The details of two meetings between former British prime minister Margaret Thatcher and British mercenary Simon Mann before his failed attempt to overthrow the president of Equatorial Guinea were removed from the former Special Air Service (SAS) officer’s newly published memoirs for legal reasons.
Mann’s involvement in an ill-fated attempt to topple Equatorial Guinea President Teodoro Obiang Nguema in 2004 is chronicled in his book Cry Havoc, along with the claim that he dined and even holidayed with the former British prime minister.
However, it is understood that extracts detailing discussions between Thatcher and Mann, in the year before the failed coup, were taken out of the book on the advice of its publisher.
One of the meetings described in a first draft of the book was allegedly held in the first-floor sitting room of Thatcher’s home in Chester Square, London, in autumn 2003.
The second meeting was said to have taken place around that Christmas by the swimming pool of a £2 million (US$3.2 million) mansion in Cape Town owned by her son, Sir Mark Thatcher, who was later fined £265,000 and given a four-year suspended jail term by a South African court for financing a helicopter for use in the plot.
Known as the Wonga coup, the attempt to replace Obiang with exiled opposition politician Severo Moto in March 2004 went dramatically wrong, leading to Mann’s imprisonment.
Mann was arrested at Harare International Airport in Zimbabwe as he and 69 other mercenaries were loading a plane with £150,000 of weapons, intending to fly to Malabo, the capital of Equatorial Guinea.
After three years in a Zimbabwean jail, he was extradited to Equatorial Guinea in the “oil for Mann” deal, a reference to the large amounts of oil that the Zimbabwean President Robert Mugabe managed to secure from Equatorial Guinea.

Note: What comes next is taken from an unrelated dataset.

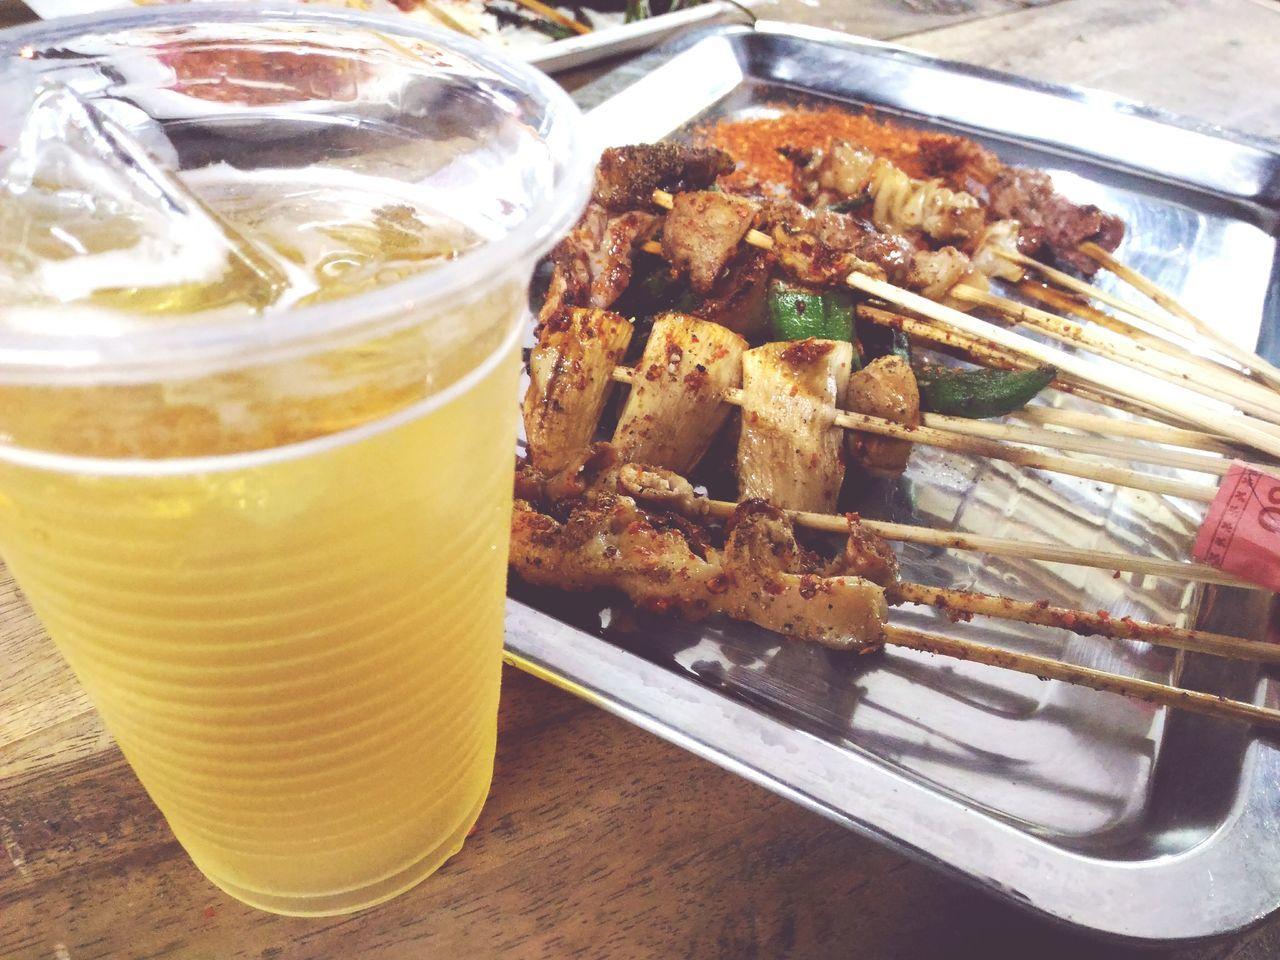 หม่าล่า Food And Drink Freshness Close-up Temptation Drink Indoors  No People Cold Temperature Ready-to-eat Day Beer Grill Food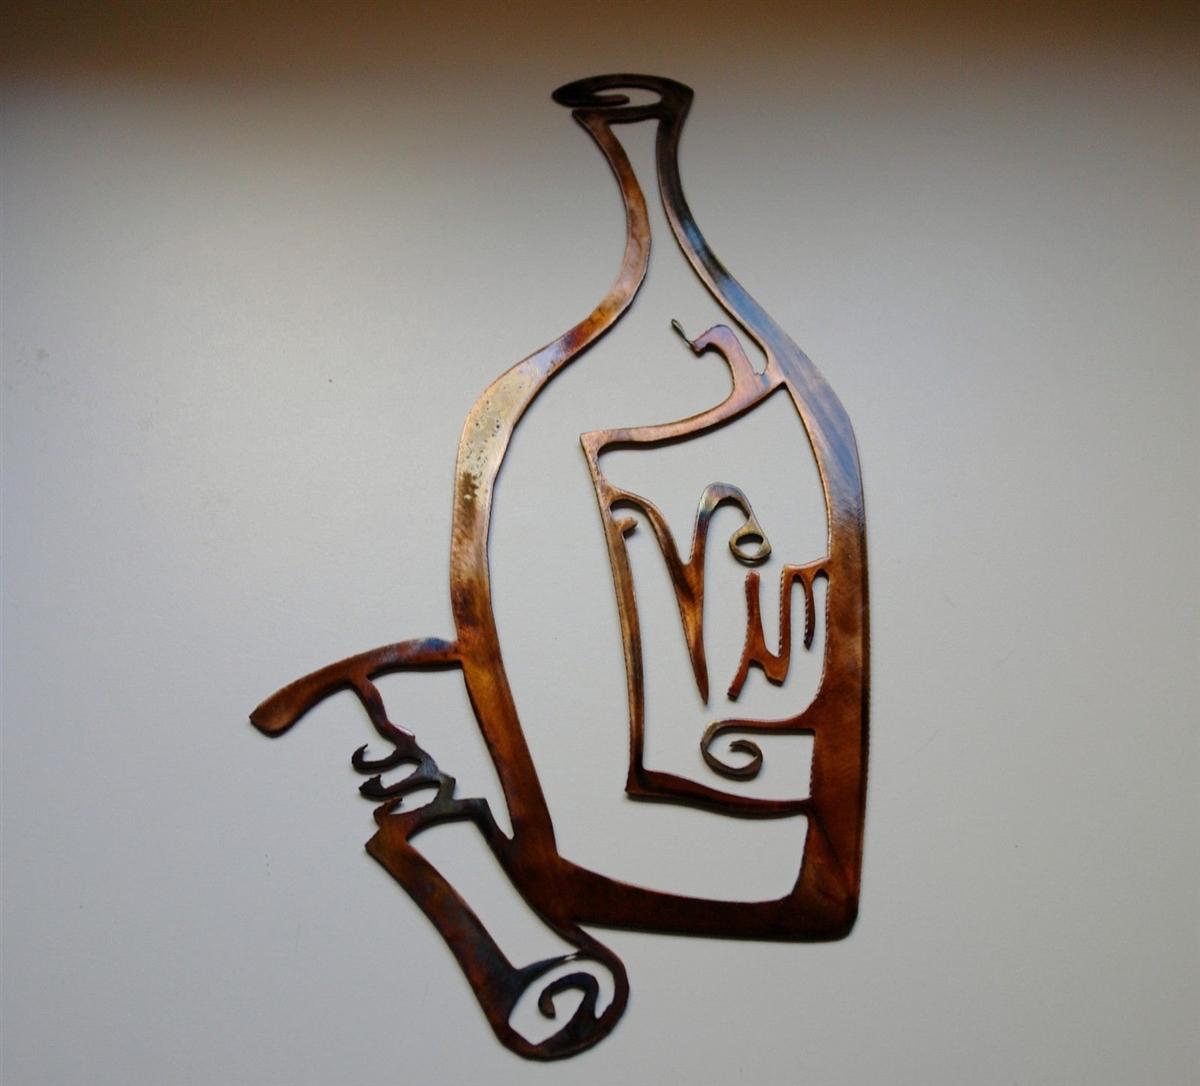 Vino Metal Wall Art Decor Wine Bottle And Opener Copper Bronze

Mann, who had been due to receive £15 million if the coup succeeded, was convicted in July 2008 of attempting to kill Obiang, overthrow his government and disturb the peace and independence of the state, and was jailed for 34 years. In November 2009, after months of talks, he was pardoned by the president on humanitarian grounds and freed.
In Mann’s book, published on Thursday, he details Mark Thatcher’s alleged role in the failed plot, describing him as one of the “high-profile secret backers.”
Mann reveals that he first met the former prime minister’s son in 1997, when he moved to Cape Town, and describes subsequently eating Christmas dinner with the whole family, including Baroness Thatcher and her husband, Sir Denis.
“I mean, I mean we move to SA in late November and four weeks later we’re all round at his place for Christmas dinner, meeting mum and dad!” Mann writes.
Of his subsequent relationship with the former Conservative leader, Mann adds: “As I know, Maggie shares her son’s fondness for the SAS. They had made the difference for her. Gone the extra. More than once. She had for them too.”
“She takes a shine to me. Over the years whenever we have dinner, I’m always sat next to her. Maggie’s Cape Town favourite. Other than that of [former South African president] Nelson Mandela, our house is the only Cape home she visits, for lunch or dinner. Amanda [Mann’s wife] and I even go on a game lodge holiday with Margaret, Denis, Mark and his wife Diane,” he writes.
However, details of discussions between Mann and Margaret Thatcher were taken out of the book even before lawyers for Mark Thatcher were sent a copy.
“The first draft had this information in it. The draft that was sent to the Thatcher lawyers did not, and the changes made to the book were accordingly not large. It was deemed the best course of action to leave the content of the discussions out of the book,” a source close to the publisher said.